- **Description of the task**
Copy word for word the line containing "Flat-out fabulous sandals | ALDO Canada" together with all lines following it to the end of the listing below, without the pictures.

- **Exercise data**
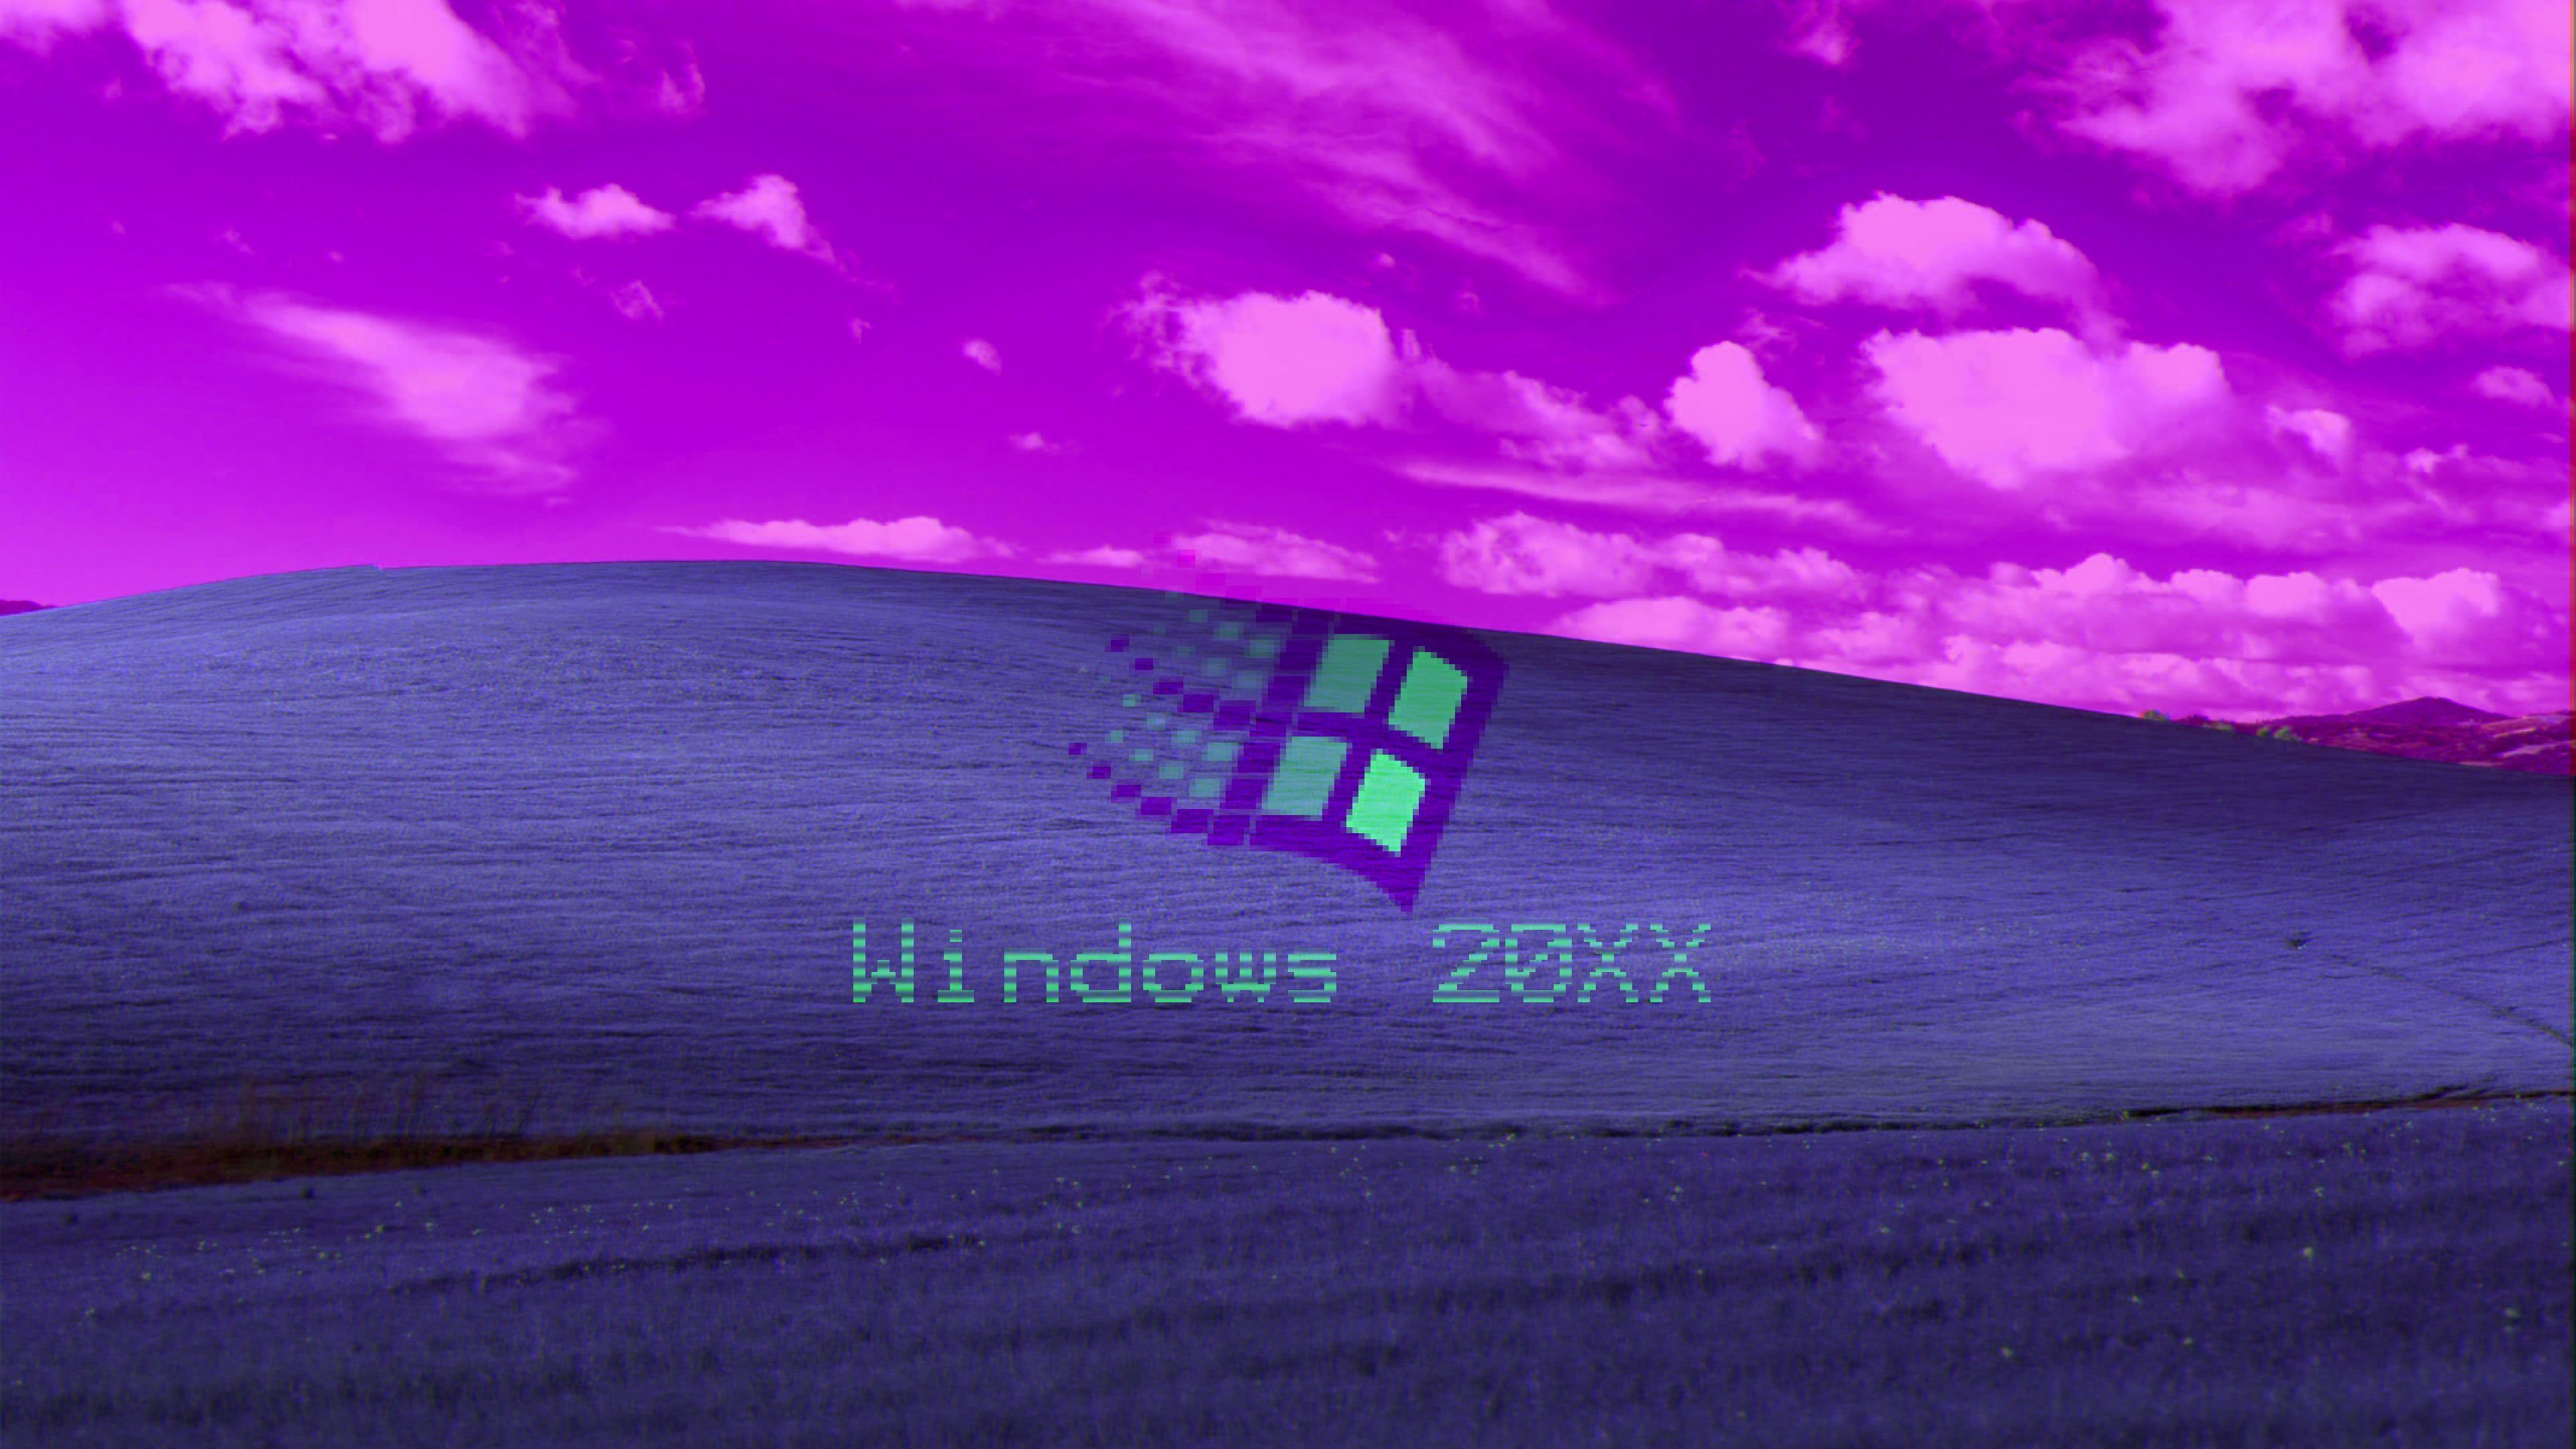 vaporwave #purple Windows XP Windows 98 #Retrowave K #wallpaper #hdwallpaper #desktop. Vaporwave, Windows, Windows 98
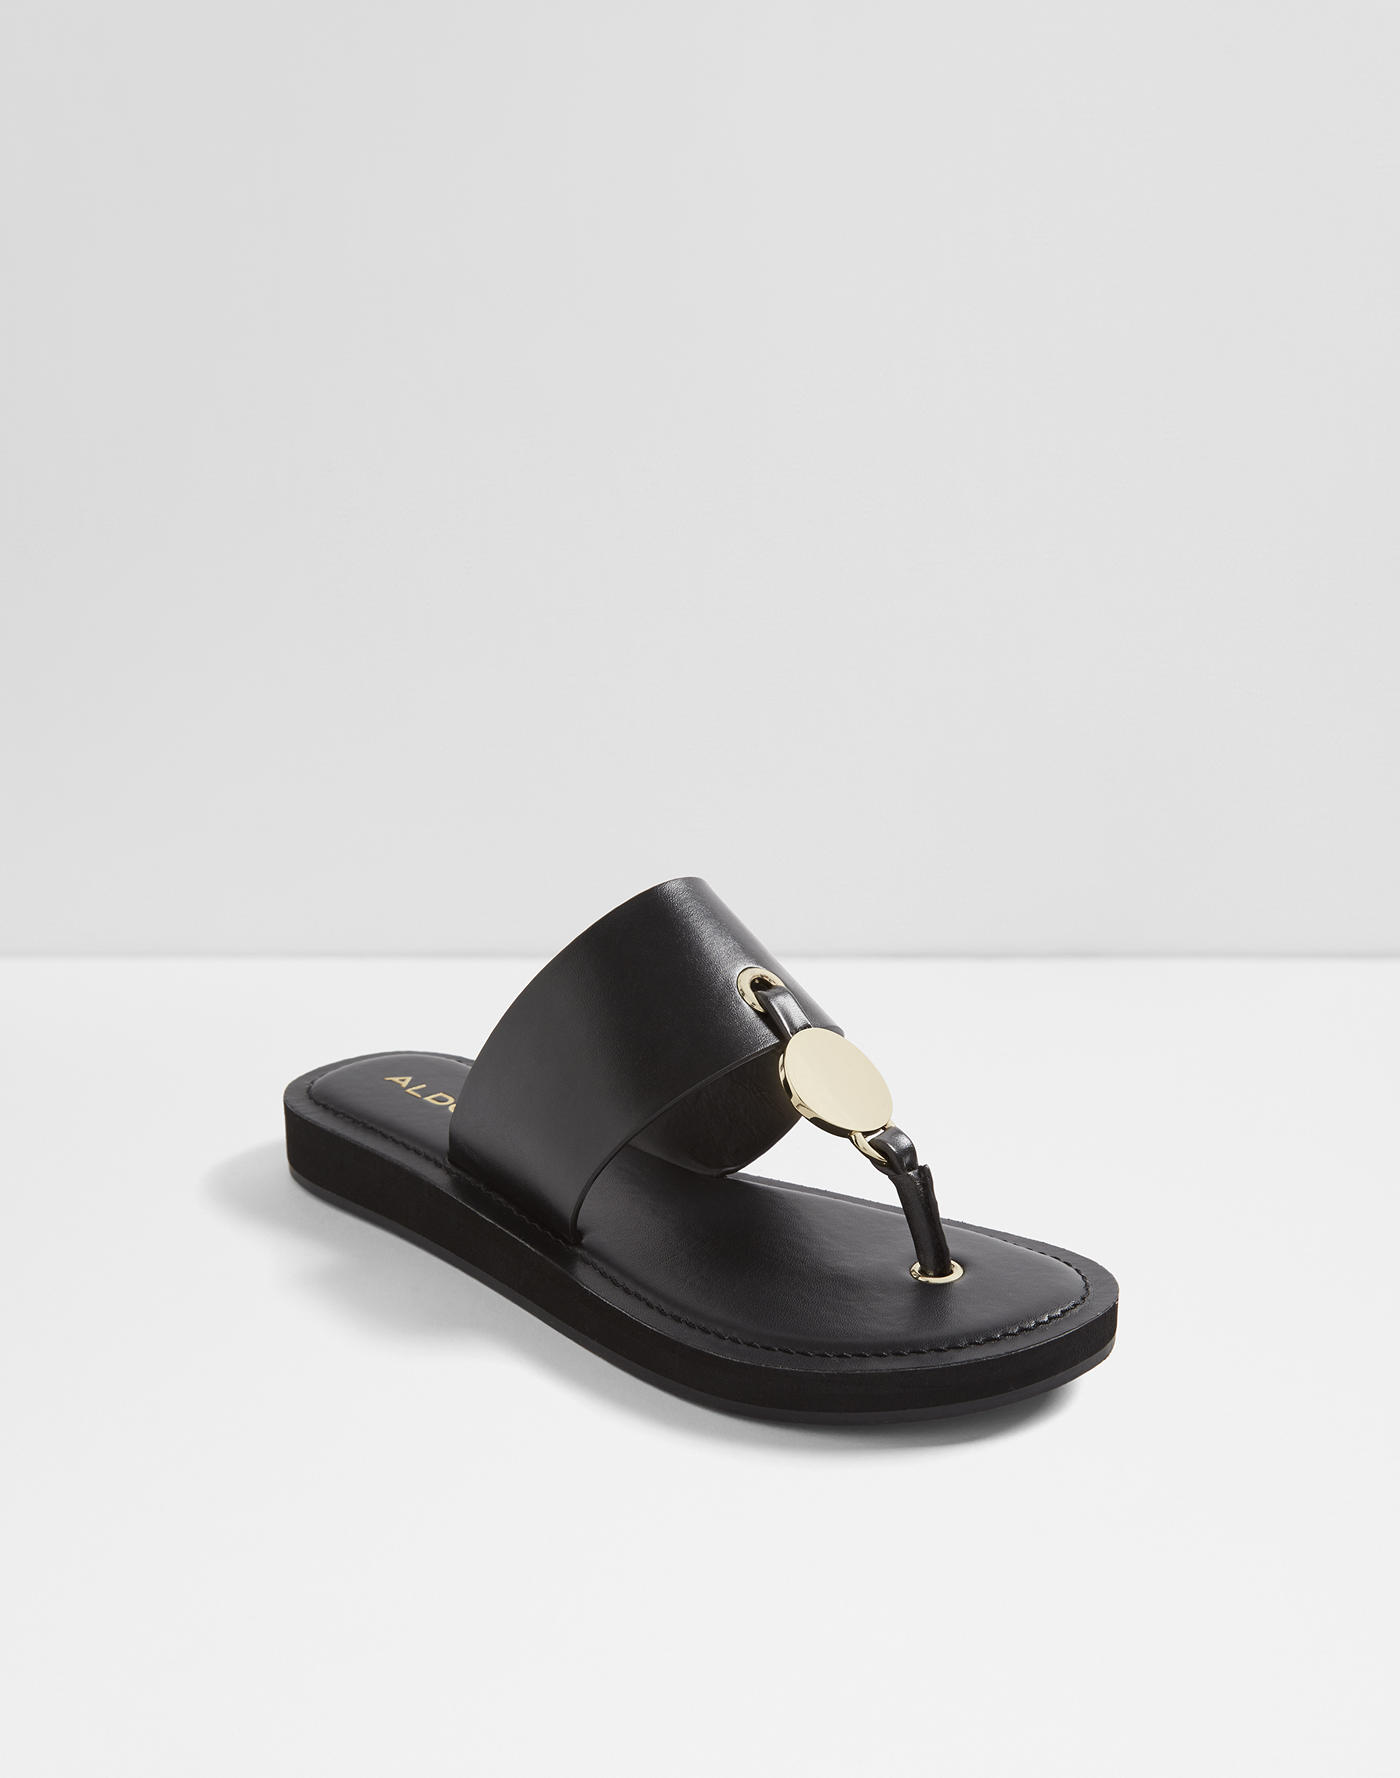 Flat-out fabulous sandals | ALDO Canada
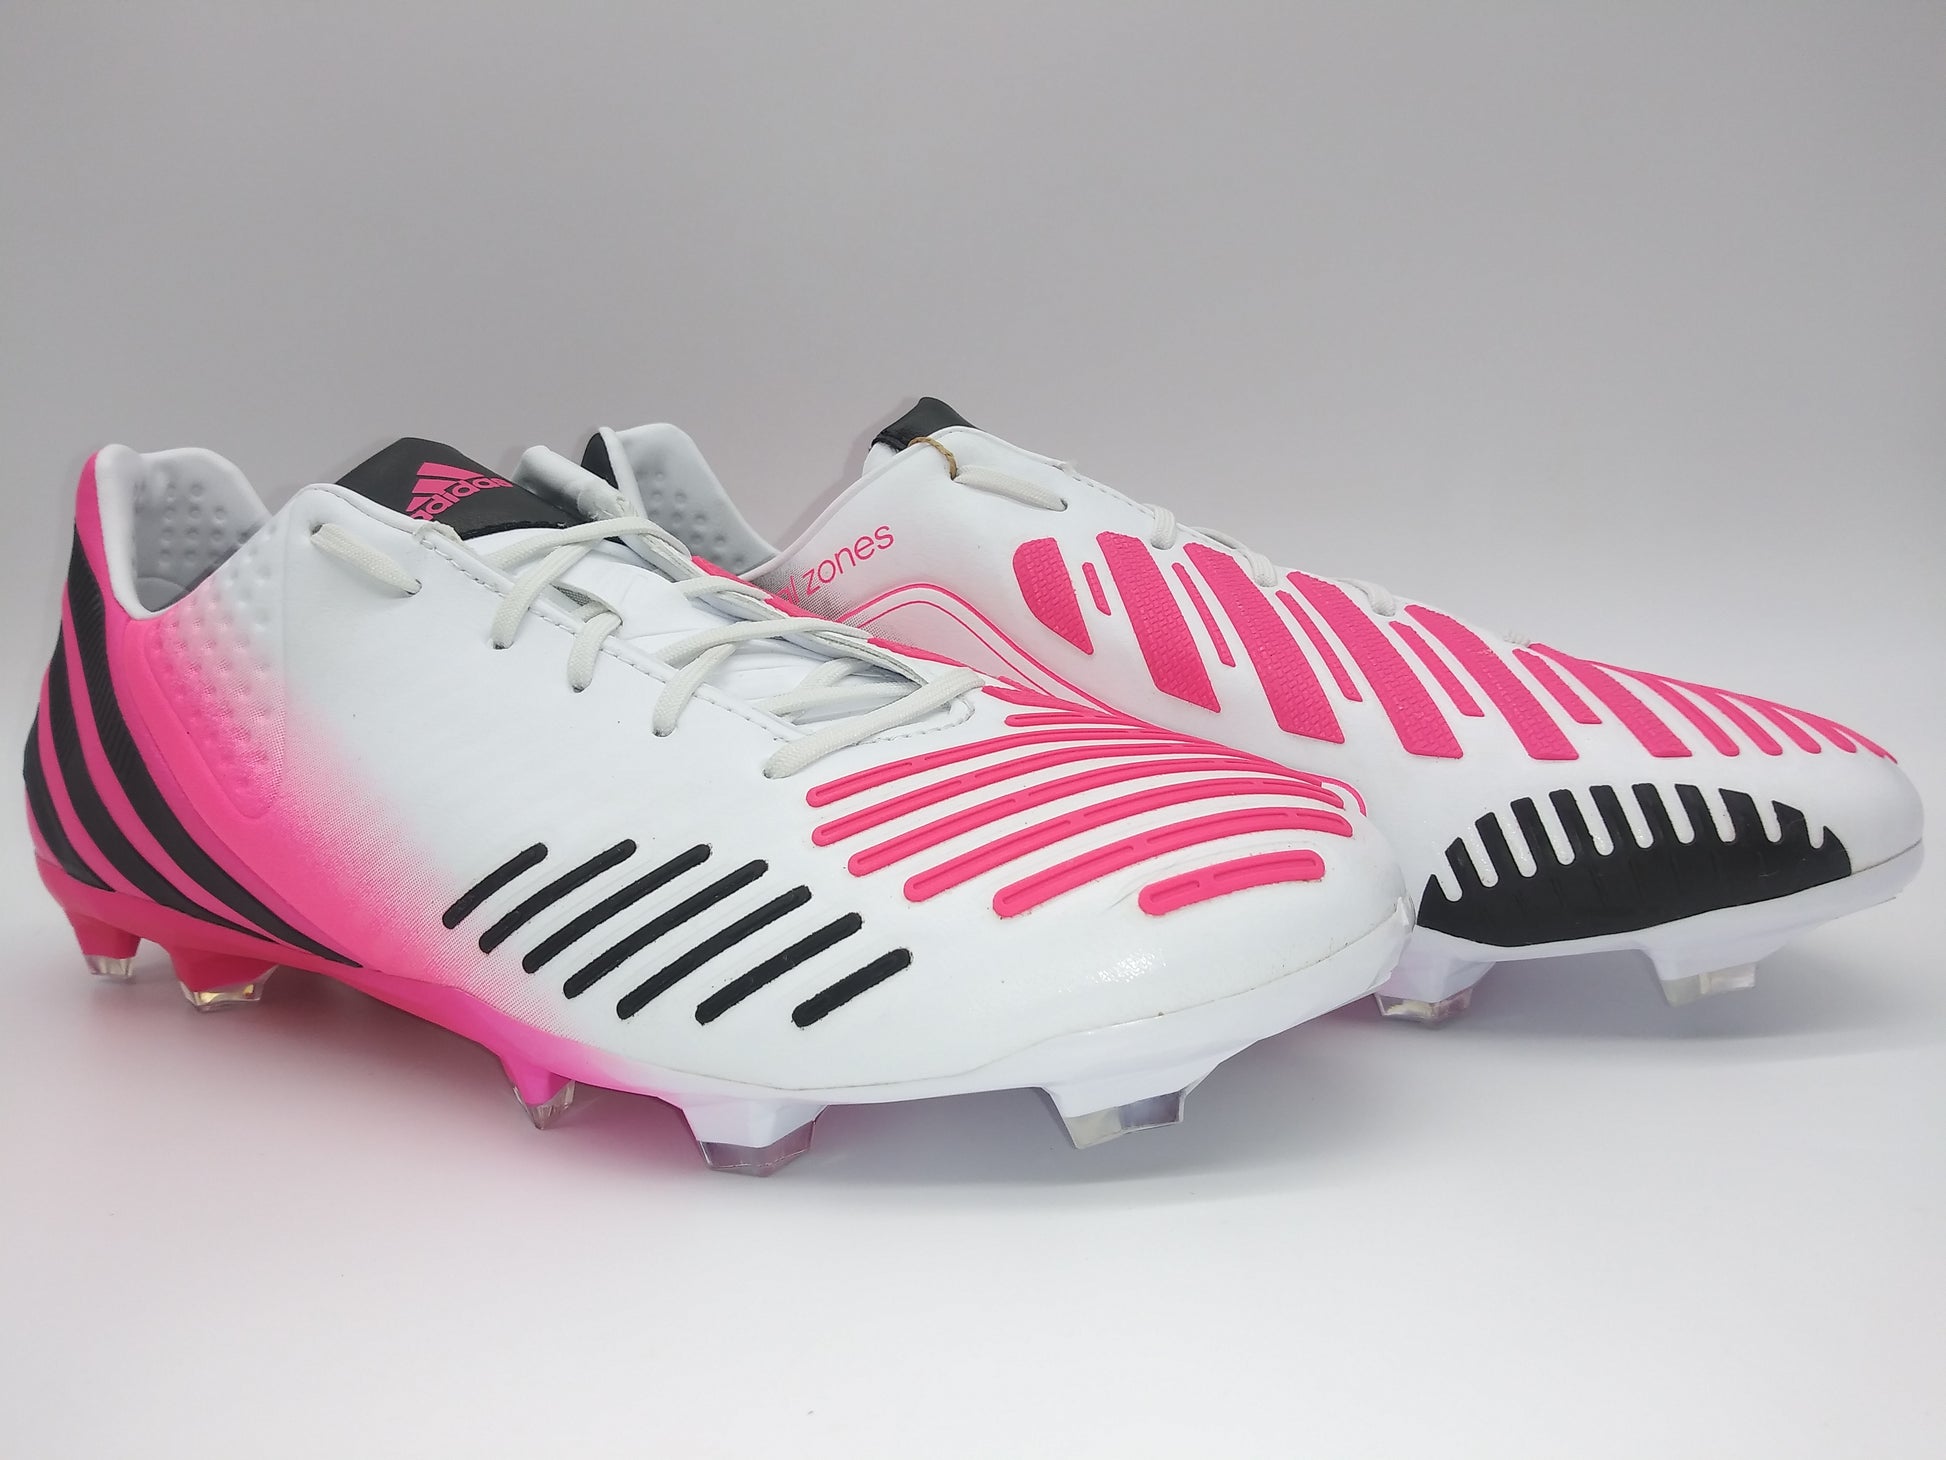 Adidas LZ I FG White Pink Villegas

- **Problem solution**
 Flat-out fabulous sandals | ALDO Canada
 Adidas LZ I FG White Pink Villegas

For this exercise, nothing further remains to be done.